The Deal (Chaliez)
The pain was gone now. Now her legs were just numb. Which was fitting. And preferable.
Sumiru kept saying that once she got to a lorist, they could fix her right up and back to normal. But she knew they were lying at this point. They didn't even believe what they were saying. It was obvious on their face. They were a terrible liar.
Her legs were done. She had maybe four inches of uninjured thigh left, and everything else...gone. She'd never dance, twirl, jump on her own two feet ever again. No one would ever clap for her performances again.
Everyone had quieted down. Sirafin was wedged into the back corner and was crying quietly. Probably mourning her twin. Shay, Annily, and Koris had thrown themselves into linking a bunch of desks together to make a stronger barrier. Probably trying to avoid doing exactly what Sirafin was doing. Delo and Railin were poking around at the cephalon’s terminal, trying to see if they could use the battery packs from some of the handheld globe lights to get it some power.
There were so many people taking shelter here in B-19. She stopped counting at thirty. The room still wasn't jam packed, but there were too many people she didn't know.
So when someone gently tapped her on the shoulder, she didn't think much of it.
“Go away, I'm thinking about all the ways we’re going to die,” she muttered.

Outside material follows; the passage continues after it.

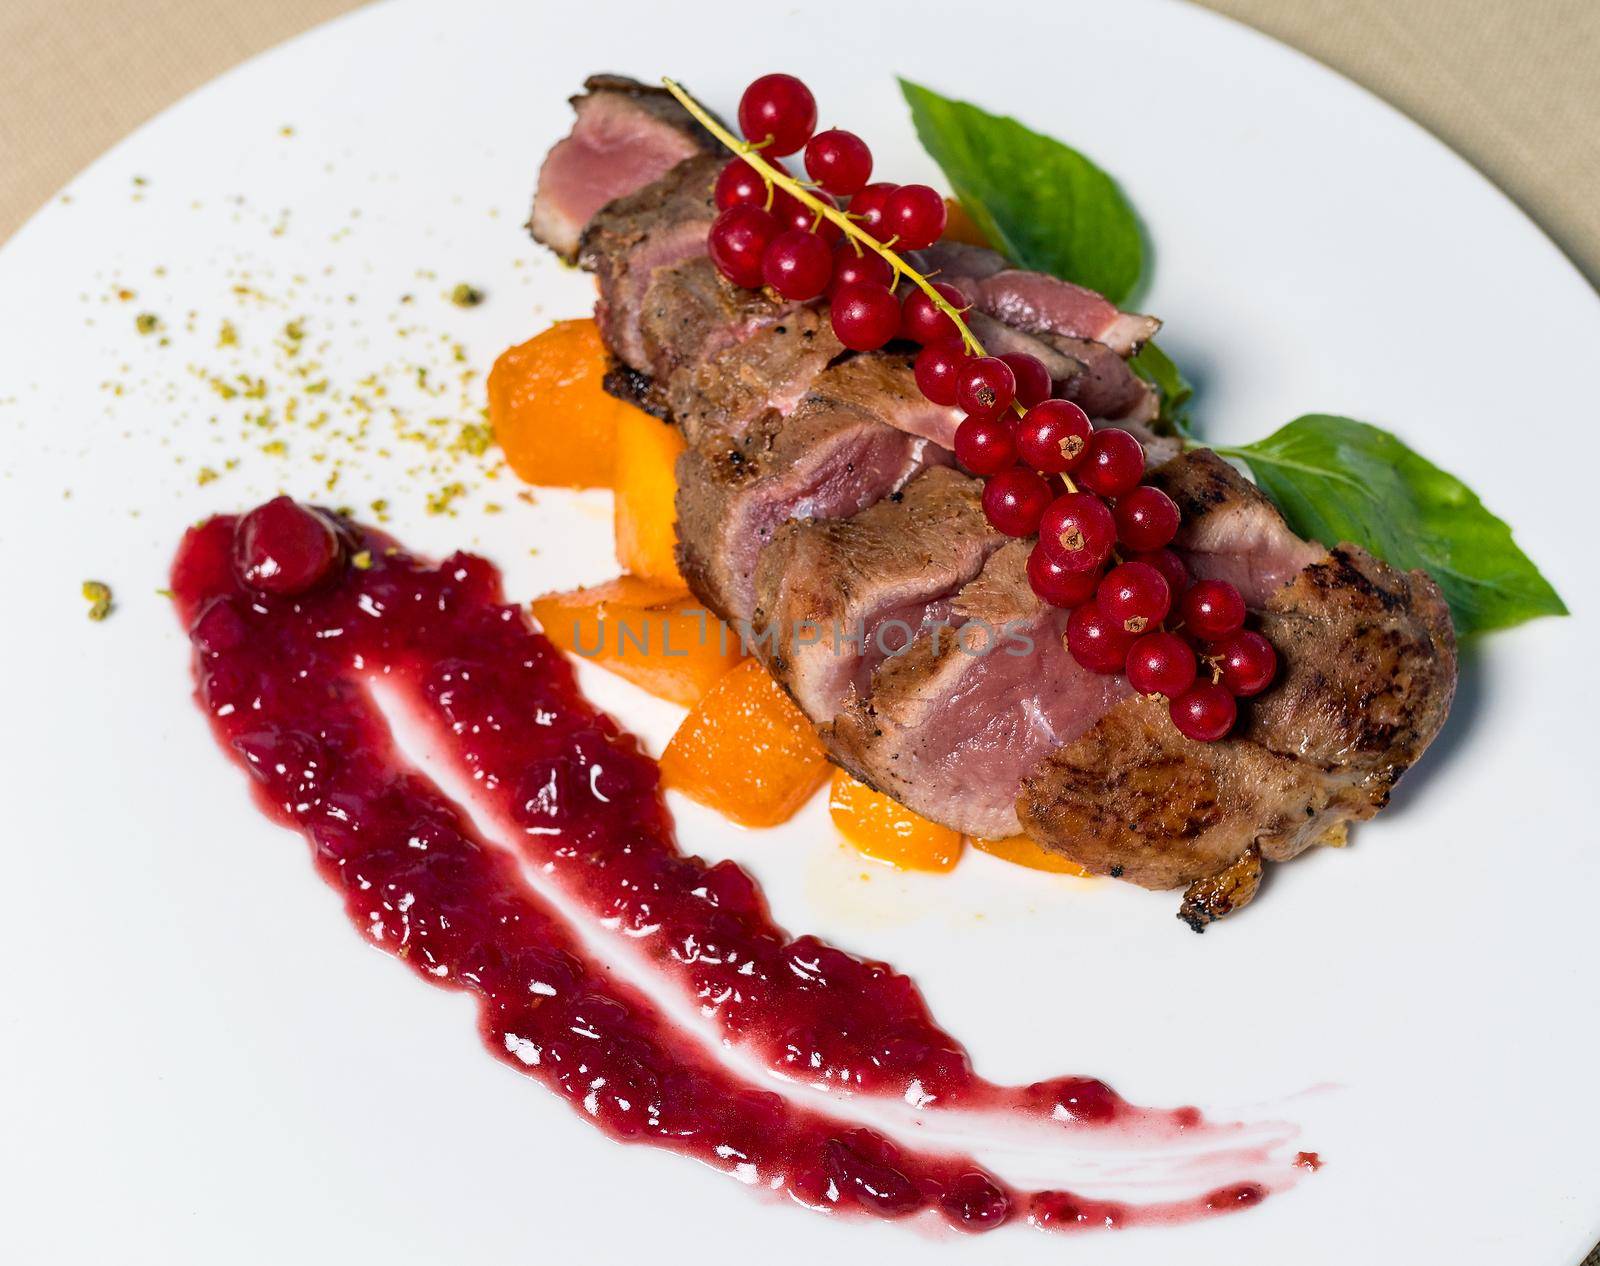 Cooked Steak with Lingonberry on it

Whoever it was didn't say anything, and after a moment they tapped her again. Three times, each slow and distinct.
“Go away.”
Tap. Tap. Tap.
Chaliez rolled over angrily, opening her eyes. “I said go–”
She was looking right at her own face. Her brown eyes surrounded by pitch black sclera. Her own Zariman jumpsuit with the little blue and white flowers she had stitched along the wrists by hand. The colorful silks mom had woven into the lower third of her braids, clean, unlike the ones in her hair right now. Her own understated, circular oculus.
“Hey little lady,” her own voice said, using the stupid nickname her dad still sometimes called her. “I lost my light. Mind if I take yours? You're not using it anyway.”
She stared.
The almost perfect copy of herself grinned, showing all her own teeth. “Listen up.” She leaned forward, looming over her. “I can save them.”
They swept their hand around the room, gesturing to everyone else. Shay, Annily and Koris still stacking chairs and desks. Sirafin crying in the corner and now being comforted by some people she didn't know. Delo and Railin fiddling with the cephalon terminal. Sumiru and a few others doing something with a tablet.
“All of them,” the mirror image went on. “But you. Have. To want it.”
She did want it. She was only still alive because of Shay and Sumiru and Delo and Therine, and Sharabi and Saurlin were dead because they tried to save her. Because they were kind to her. They had no reason to be, none of them knew her and she barely knew them. Therine was from Lua, from a family of factory workers, she in particular had every reason to despise Chaliez just because she was a member of Lua's low elite. Shay, Sharabi, and Delo were from Zinruil City on Earth, a city of poverty and crime that existed mostly to pump out luxuries and information and manpower for those on Lua. Sumiru's family was in honest-to-stars debt slavery to one of her distant relatives (which she had always thought never actually happened and was just low-caste propaganda to make Karissh look bad). Saurlin was from a Plutonian underground mining community that she knew was worked to the bone to provide ore for the Executors.
They all had reason to hate her. Instead they carried her broken body through hell because they wanted to help her. Two of them died for that.
The mirror image grinned even wider, its face distorting. “Let's say we shake on it, eh?”
They were dead because they tried to save her legs. Shay was working herself past her breaking point because her little sister was dead because she went with them trying to take Chaliez to the lorist. Sirafin was sobbing in the corner because her twin brother agreed to help carry Chaliez to the lorist. She hadn't bled out only because Sumiru had kept calm long enough to put the tourniquets on her legs.
She had spent enough time with her head buried in her hands, ignoring what the higher castes did, or choosing not to know. Now those people had faces. Now those people had suffered and bled for her sake.
“Yes,” she said, and held out her hand.